Work instructions:
Would you reproduce the whole listing exactly, minus its images?

Data segment:
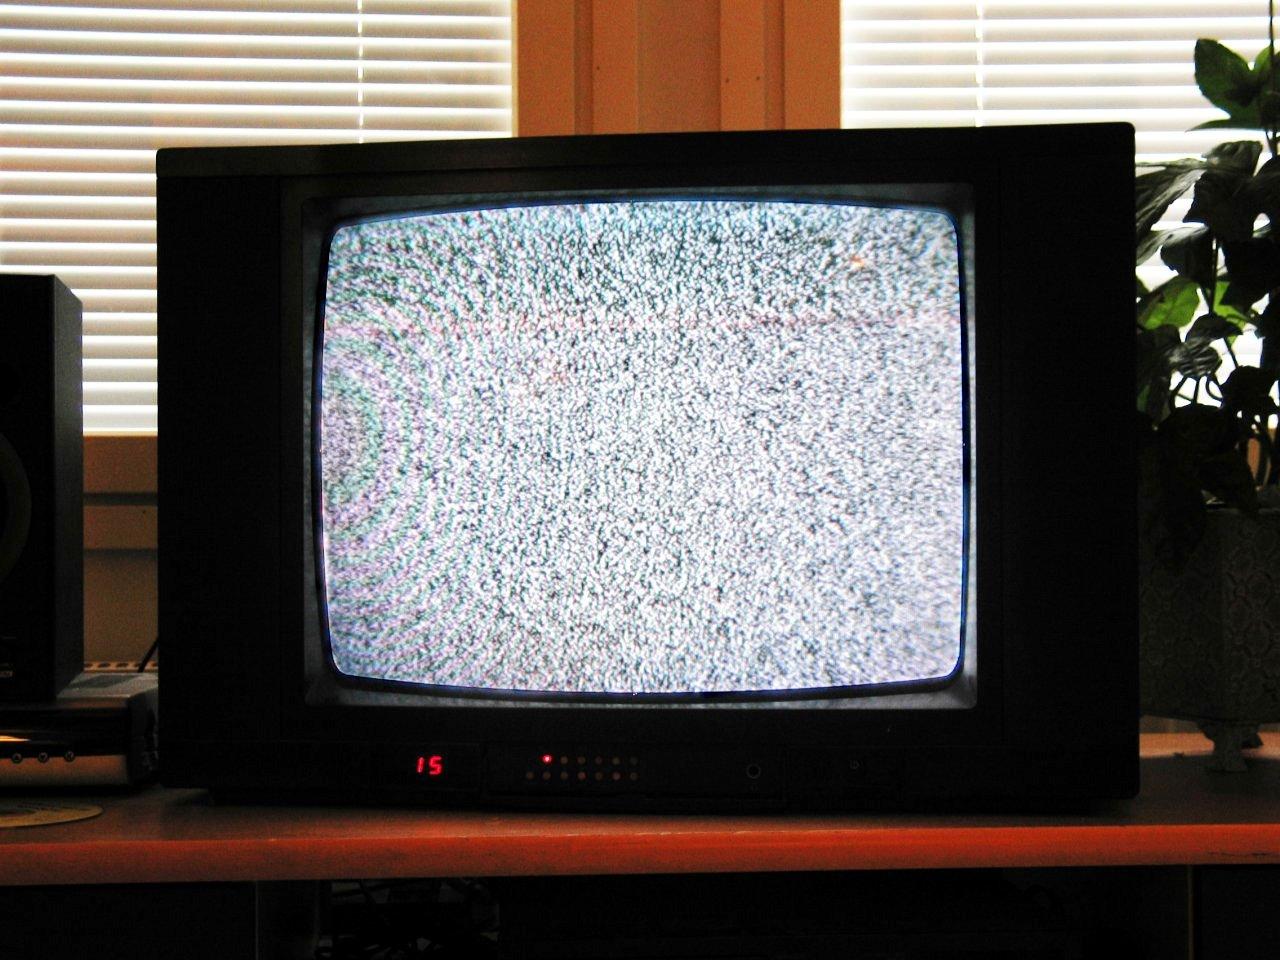 지지직 거리는 화면이 나오는 브라운관 텔레비전
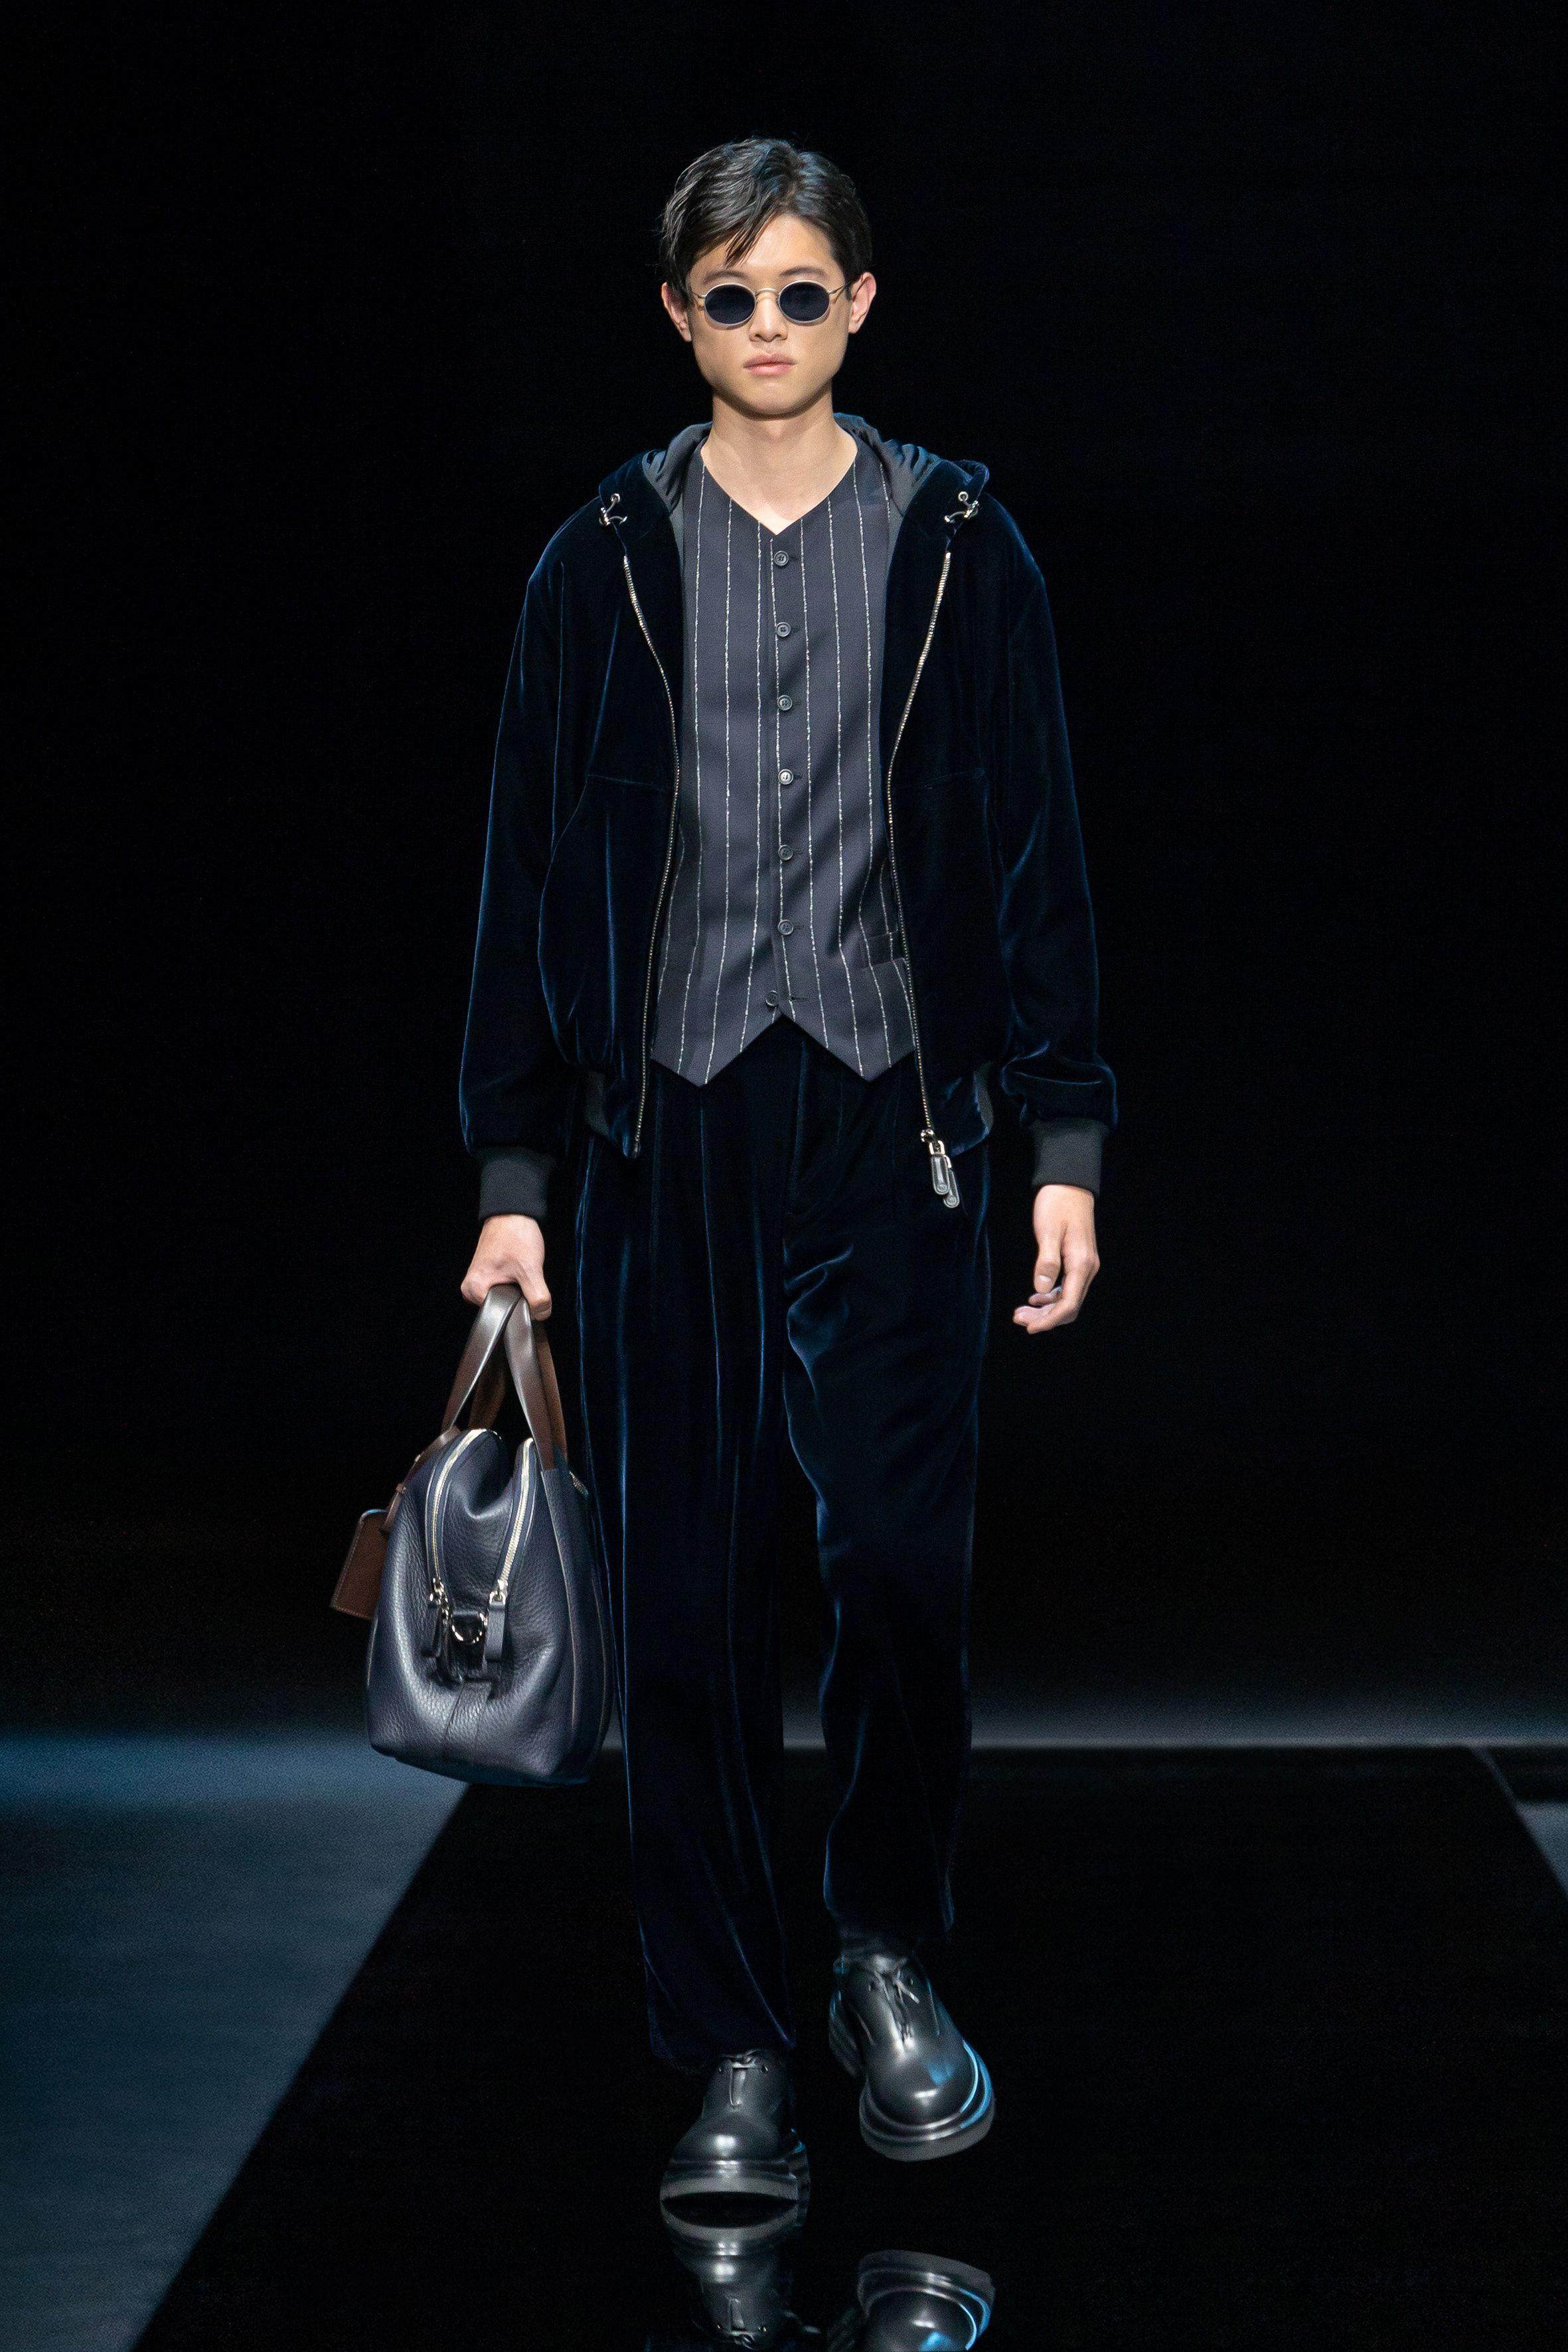 Los conjuntos de terciopelo, también fueron protagonista para la colección de hombres que presentó Giorgio Armani para su invierno 2021-2022
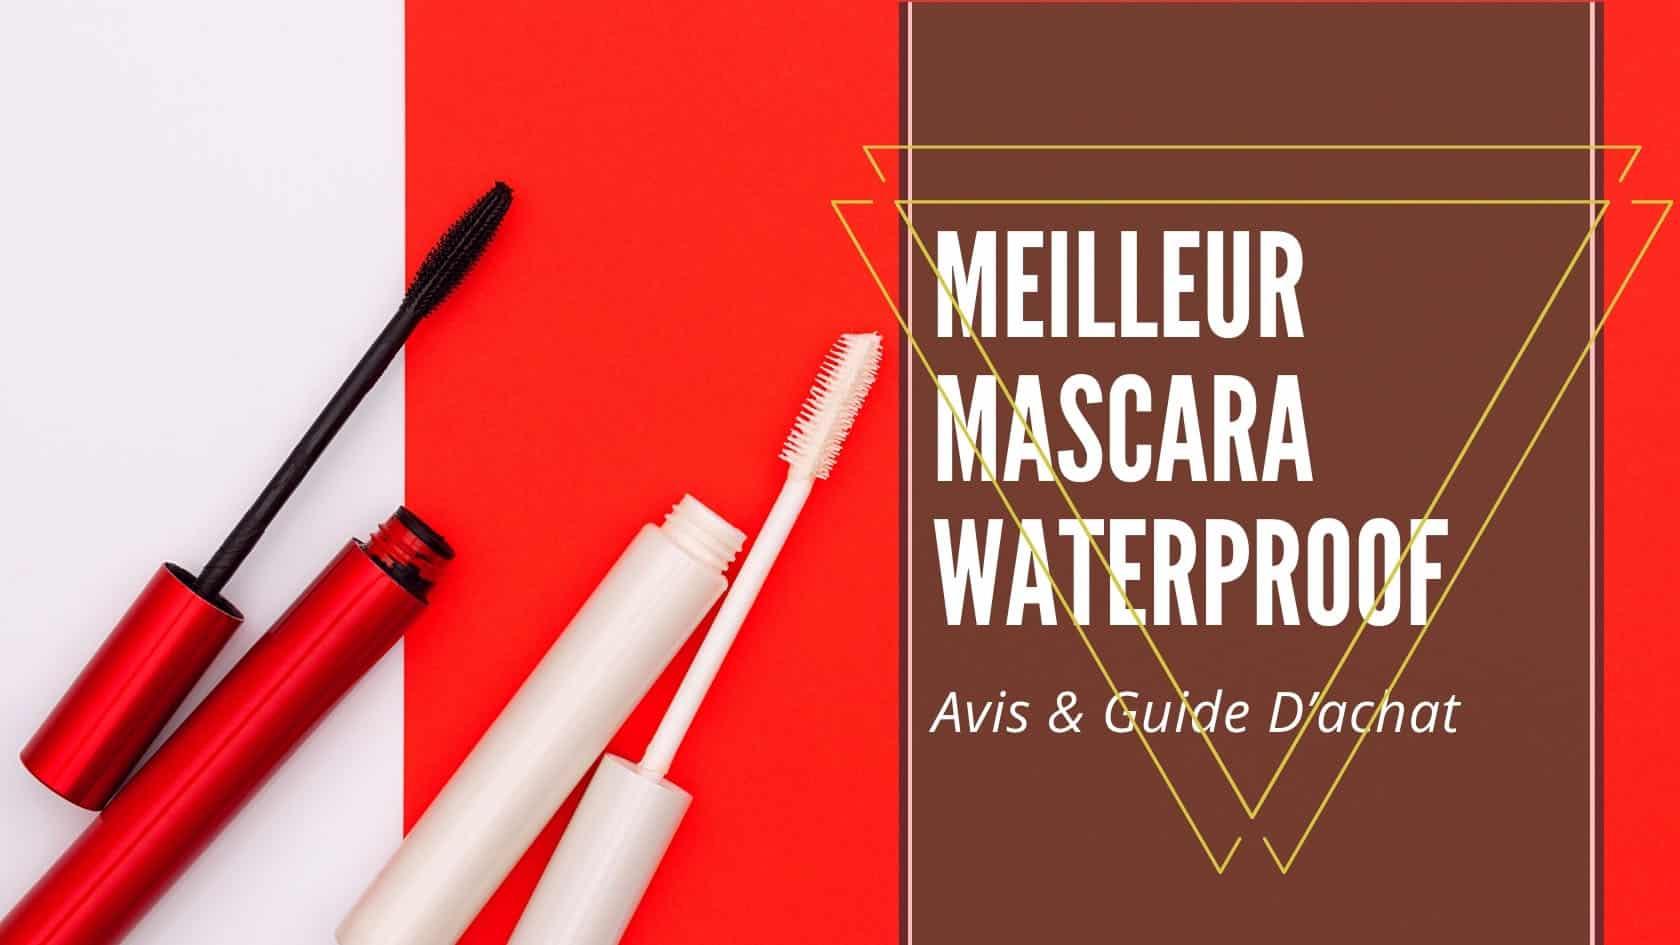 Meilleur Mascara Waterproof

Output of the exercise:
 지지직 거리는 화면이 나오는 브라운관 텔레비전
 Los conjuntos de terciopelo, también fueron protagonista para la colección de hombres que presentó Giorgio Armani para su invierno 2021-2022
 Meilleur Mascara Waterproof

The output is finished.